Isolation and suppression, not smothering and conflagration
The rest of the U.S. stereotypes New Englanders as unfriendly and socially reticent. Robert Frost’s famous line ‘Good fences make good neighbors’ has more nuance in context than it’s often granted, but there’s a reason the old granite border walls between farms often symbolize the region in the country’s imagination, in contrast to the moss-draped trees of Southern gothic.
Emotional suppression and the unwillingness to speak often drive plot in the New England gothic.
—Katharine Beutner
This is true in Killingly, in which the protagonist’s refusal to explain what she knows about her best friend’s disappearance forces other characters to act with desperation, and much more violently so in Conner Habib’s disturbing Hawk Mountain.
In another Eggers film, The Lighthouse—partially inspired by an unfinished Poe story—Willem Dafoe’s character demands angrily of Robert Pattinson’s, referring to the younger man’s earlier confession: ‘Why’d you spill your beans?’ The offense, it seems, isn’t having committed violence; the offense is telling about it.

What to consider as a writer
If you’re writing gothic fiction, it’s useful to examine the features of the genre that are appearing in your draft, regardless of the location where your story is set.
- Does your work seem to fit into an existing subgenre of the gothic? If so, how would you like to adapt or manipulate features associated with that subgenre?
- How is the setting shaping your story? If the setting of the story isn’t yet playing a vivid role in building tension, how can you amplify the sense of atmosphere?

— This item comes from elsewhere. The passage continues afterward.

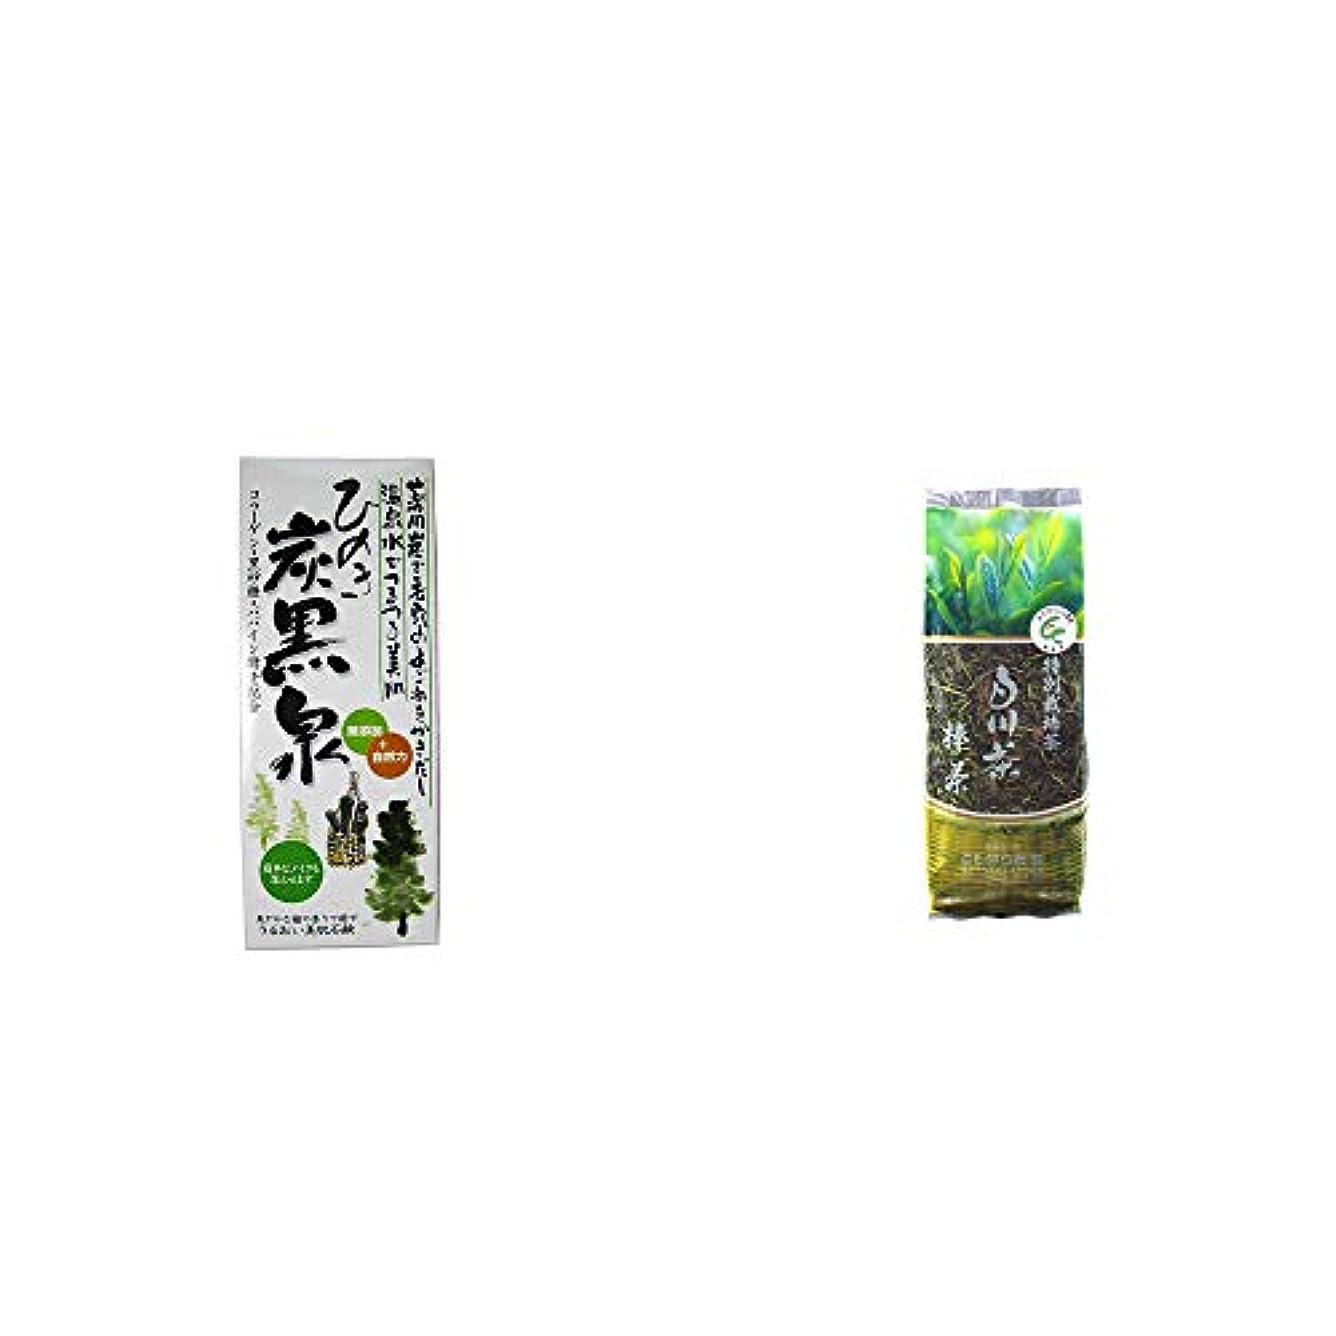 鋸歯状望むコンピューター[2点セット] ひのき炭黒泉 箱入り(75g×3)?白川茶 特別栽培茶【棒茶】(150g)

- What sorts of physical locations—houses or other buildings—appear in your gothic story? How are they important to the story?
- What social concerns or themes feel central to your project? How does the gothic as a genre make room for those themes to manifest in metaphorical or concrete ways?
- And finally: if your dark or unsettling doesn’t fit into an already-defined gothic subgenre, how would you describe it?